Action item: Nothing but the records, copied exactly and stripped of pictures, should be in the answer.

Source records:
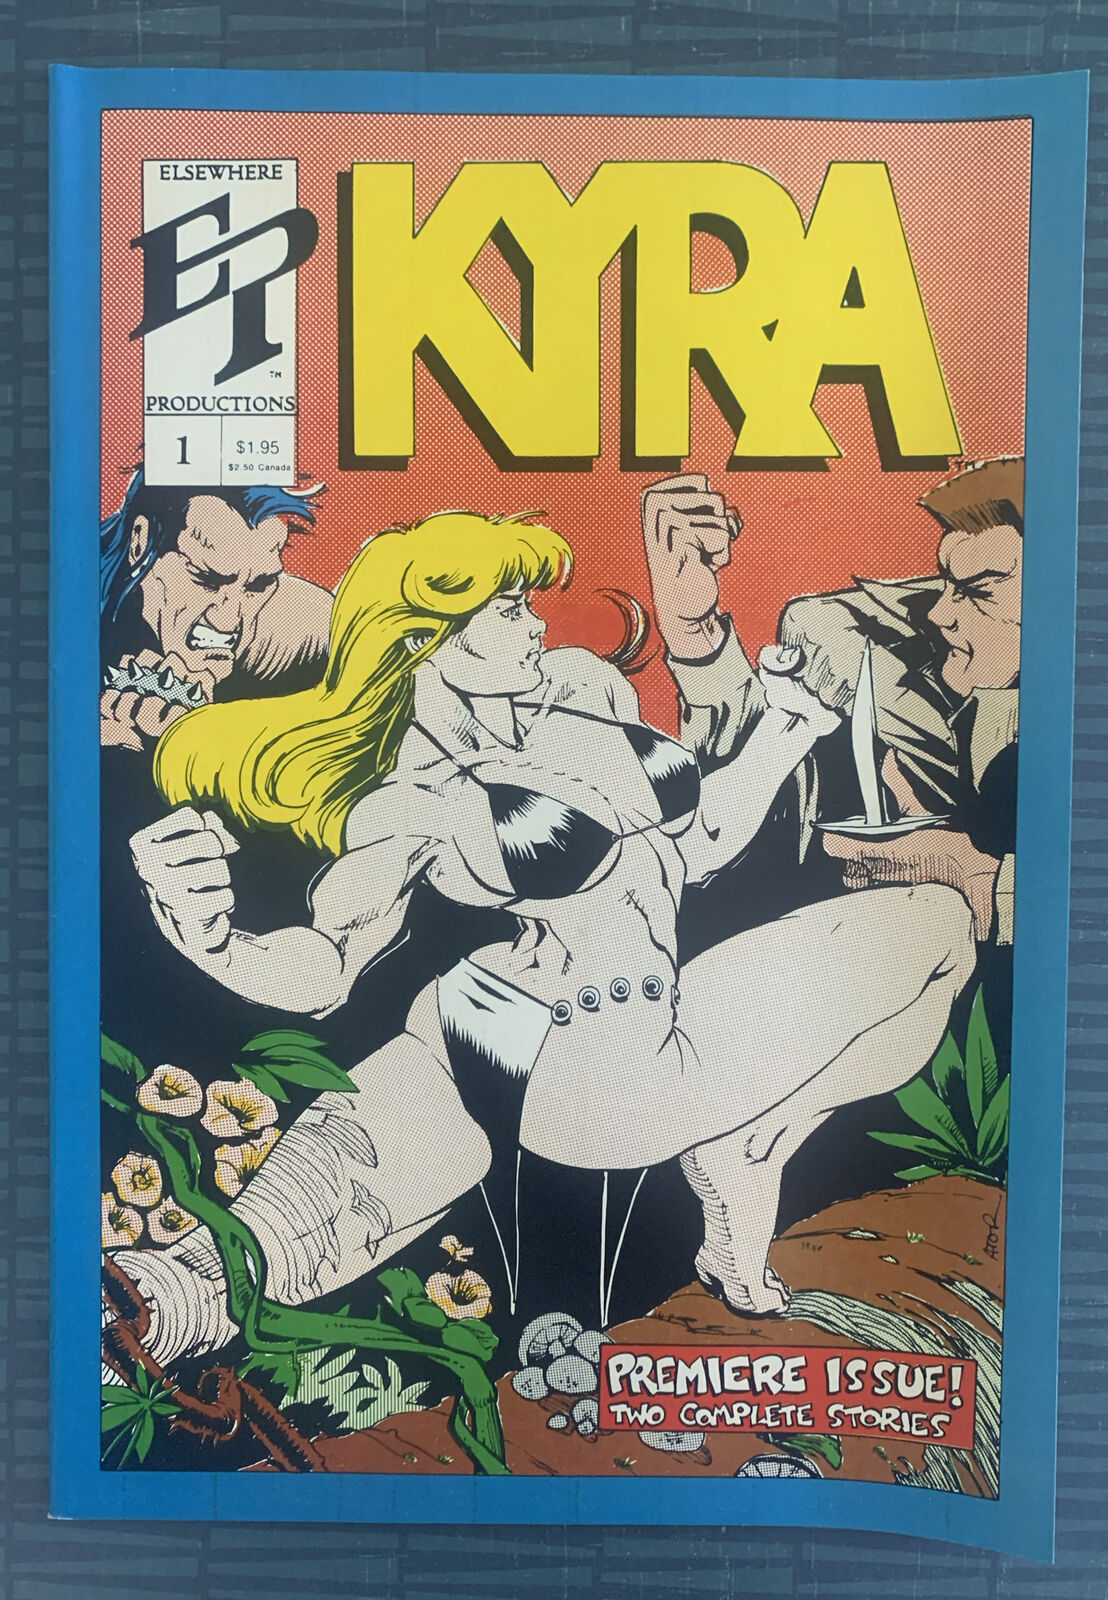 Kyra #1 (1985) Elsewhere Productions
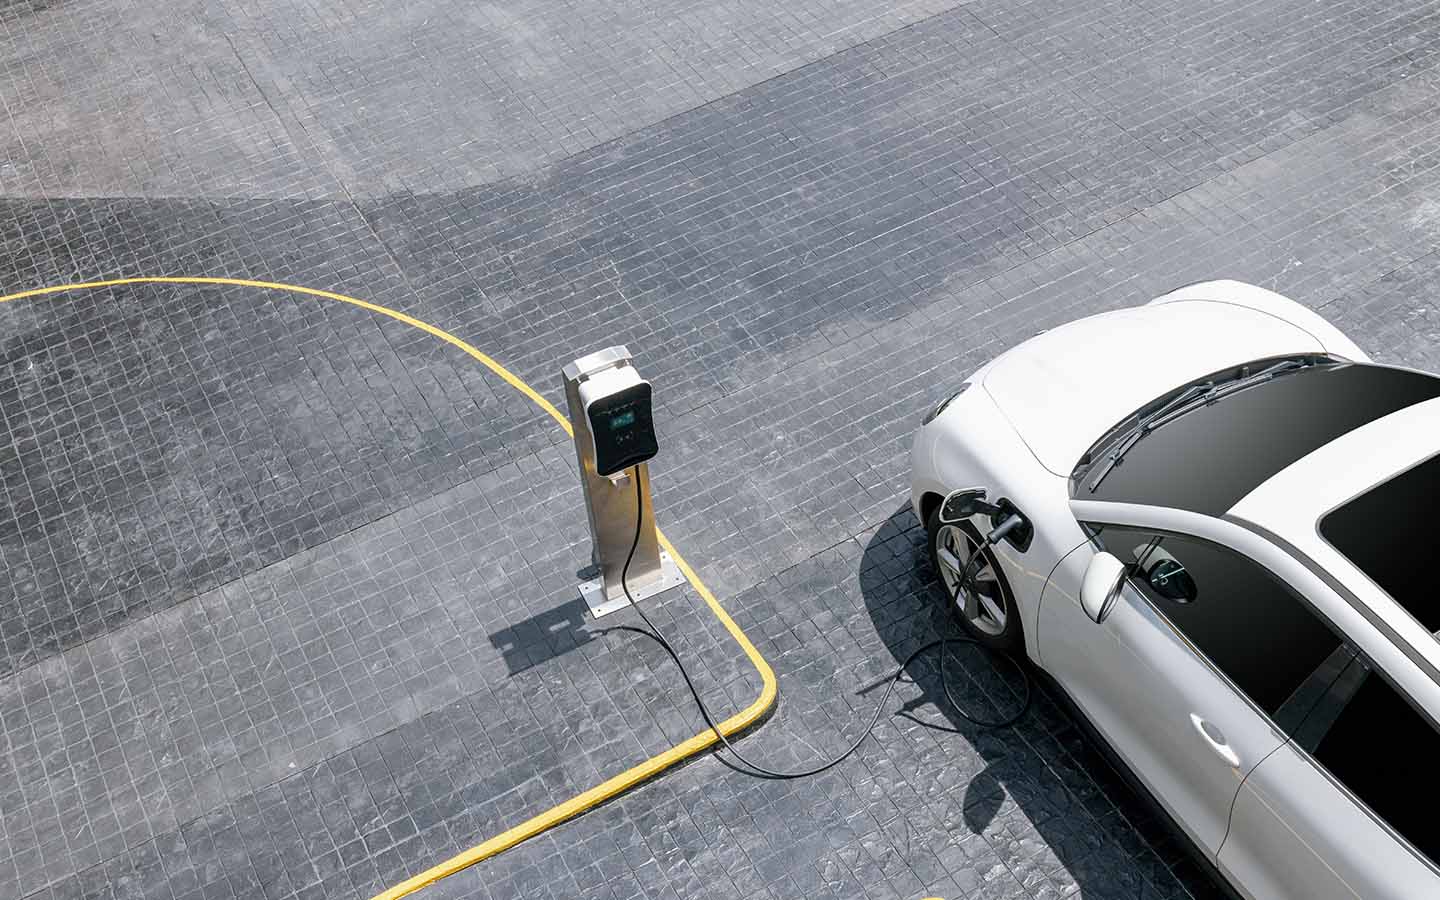 an effective way to Prevent Electric Vehicles from Catching Fire is to avoid exposure to sunlight
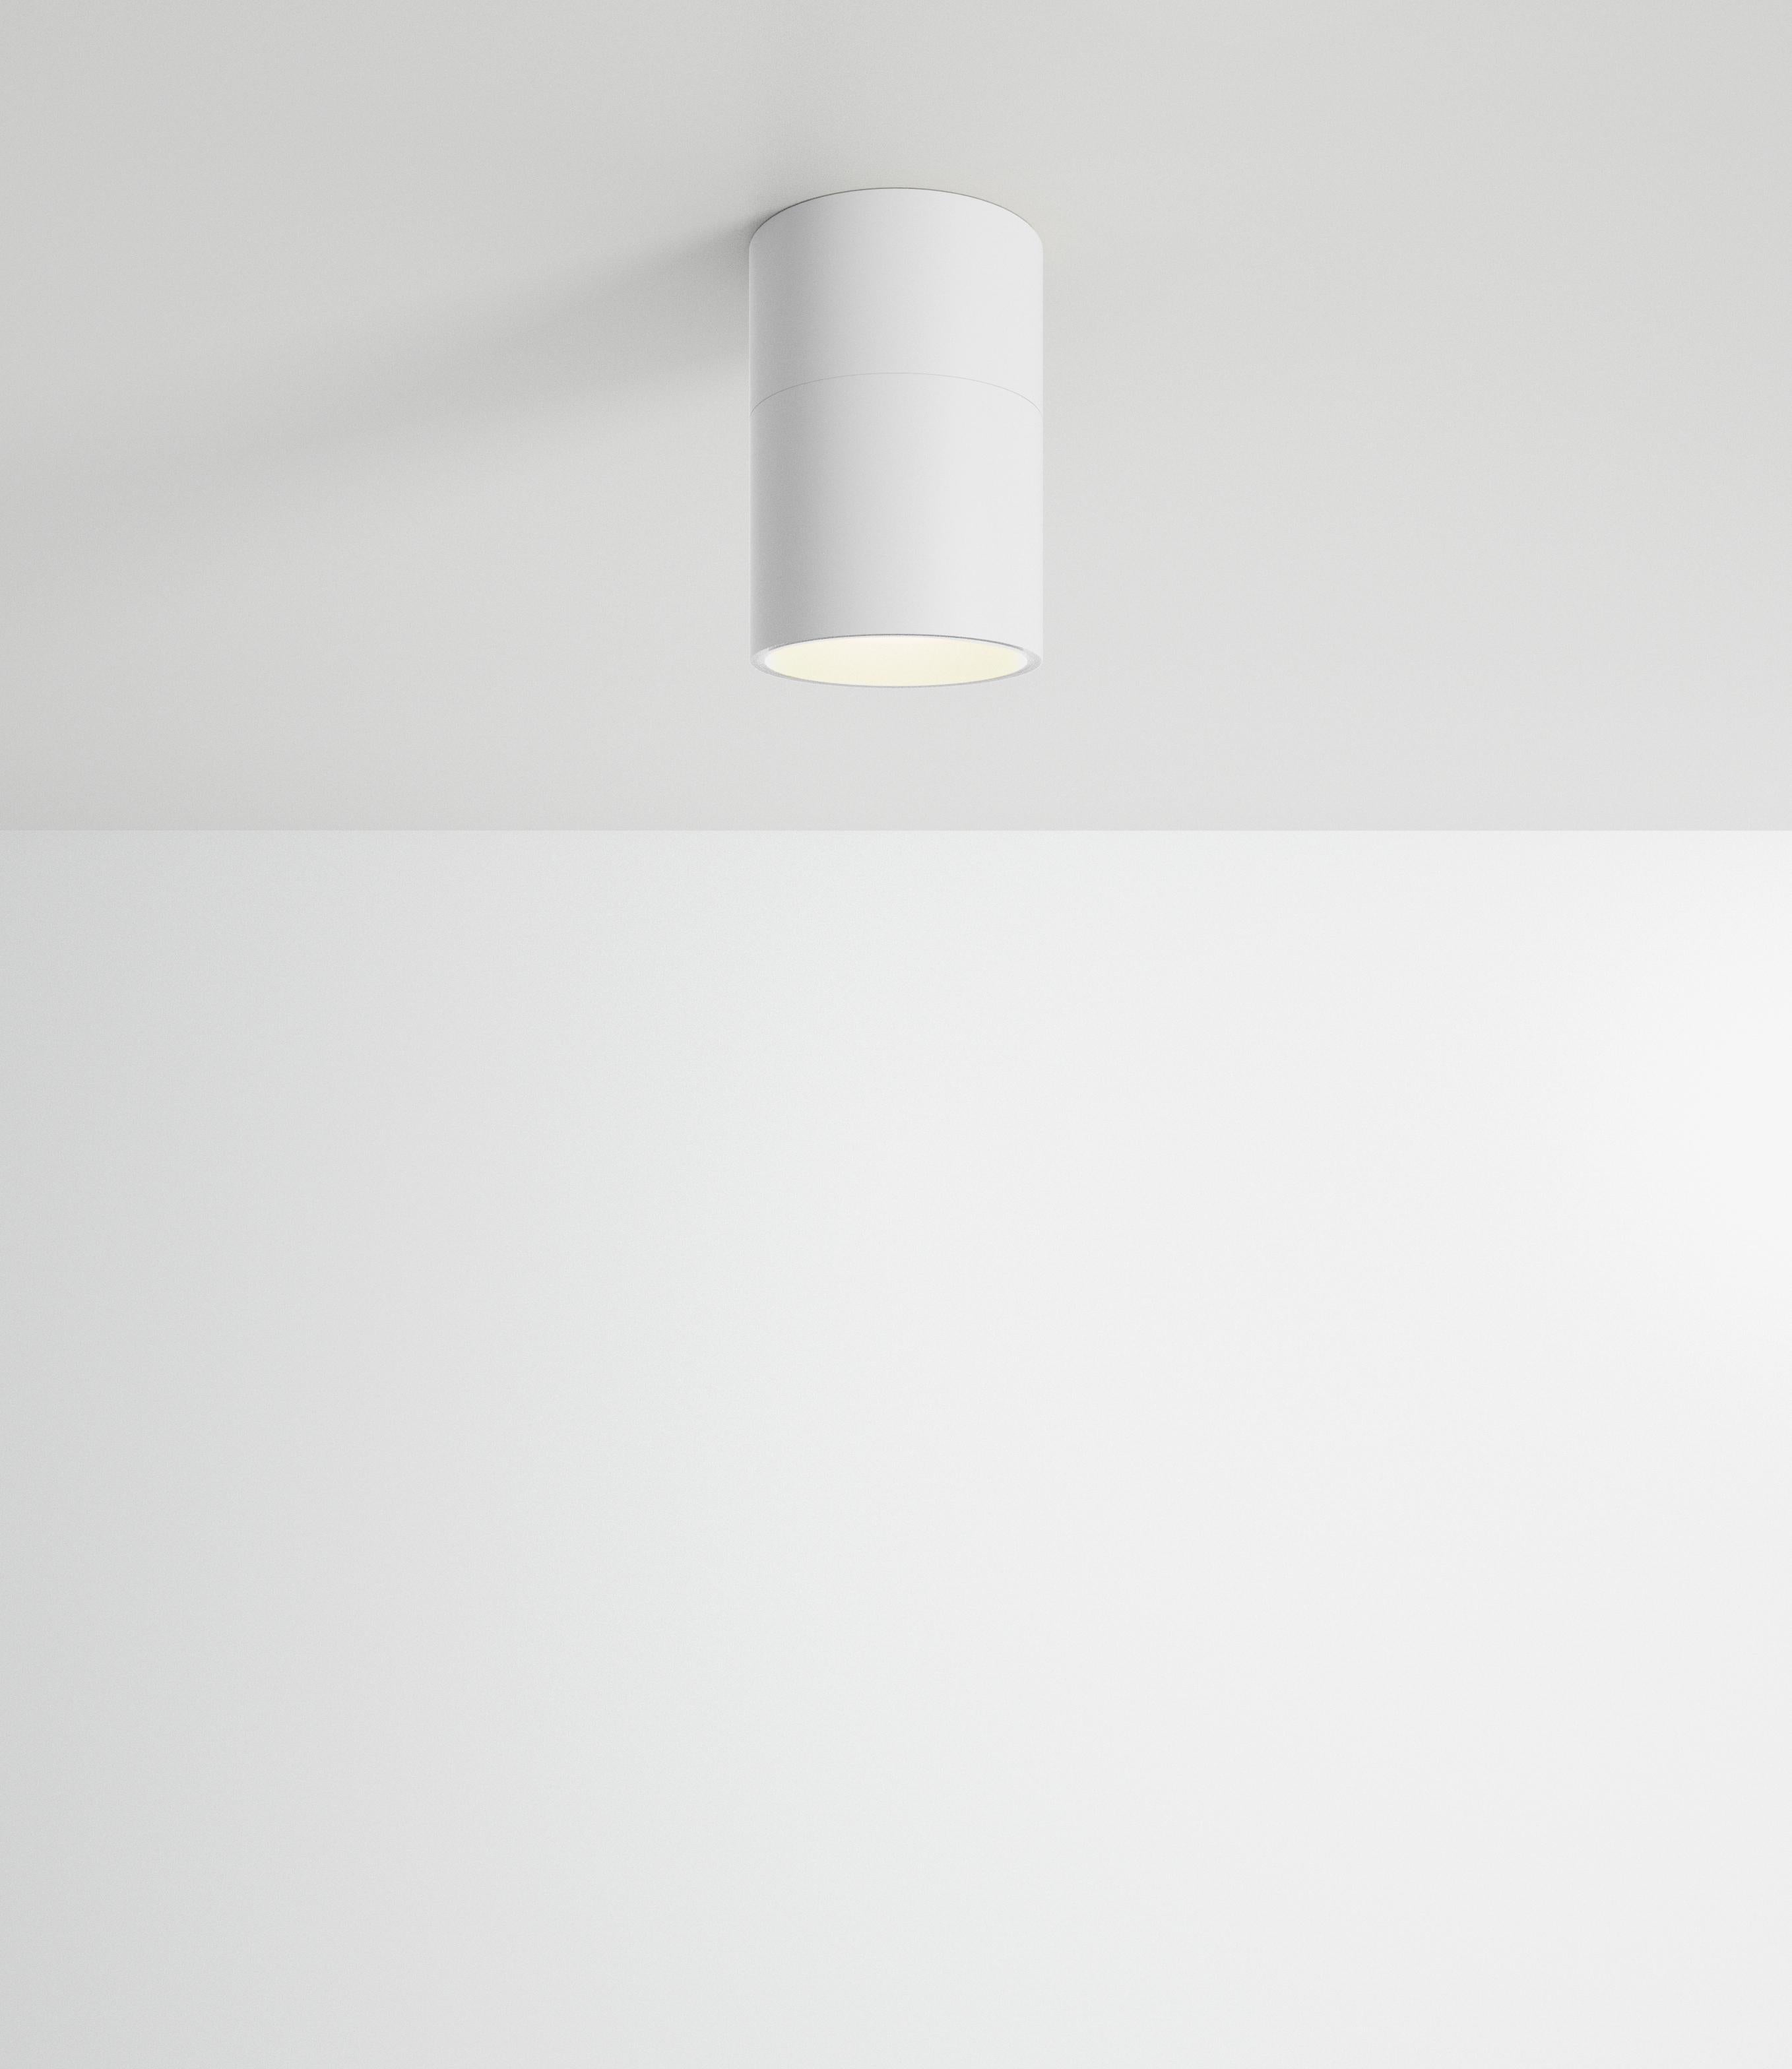 Axolight Small Pivot Ceiling Lamp in White by Ryosuke Fukusada

Single spotlight
The light fixtures have been designed to ensure a high visual comfort. The constant current LED chip and its lens are hosted in a recessed position inside the cylinder.

Written answer:
 Kyra #1 (1985) Elsewhere Productions
 an effective way to Prevent Electric Vehicles from Catching Fire is to avoid exposure to sunlight
 Axolight Small Pivot Ceiling Lamp in White by Ryosuke Fukusada

Single spotlight
The light fixtures have been designed to ensure a high visual comfort. The constant current LED chip and its lens are hosted in a recessed position inside the cylinder.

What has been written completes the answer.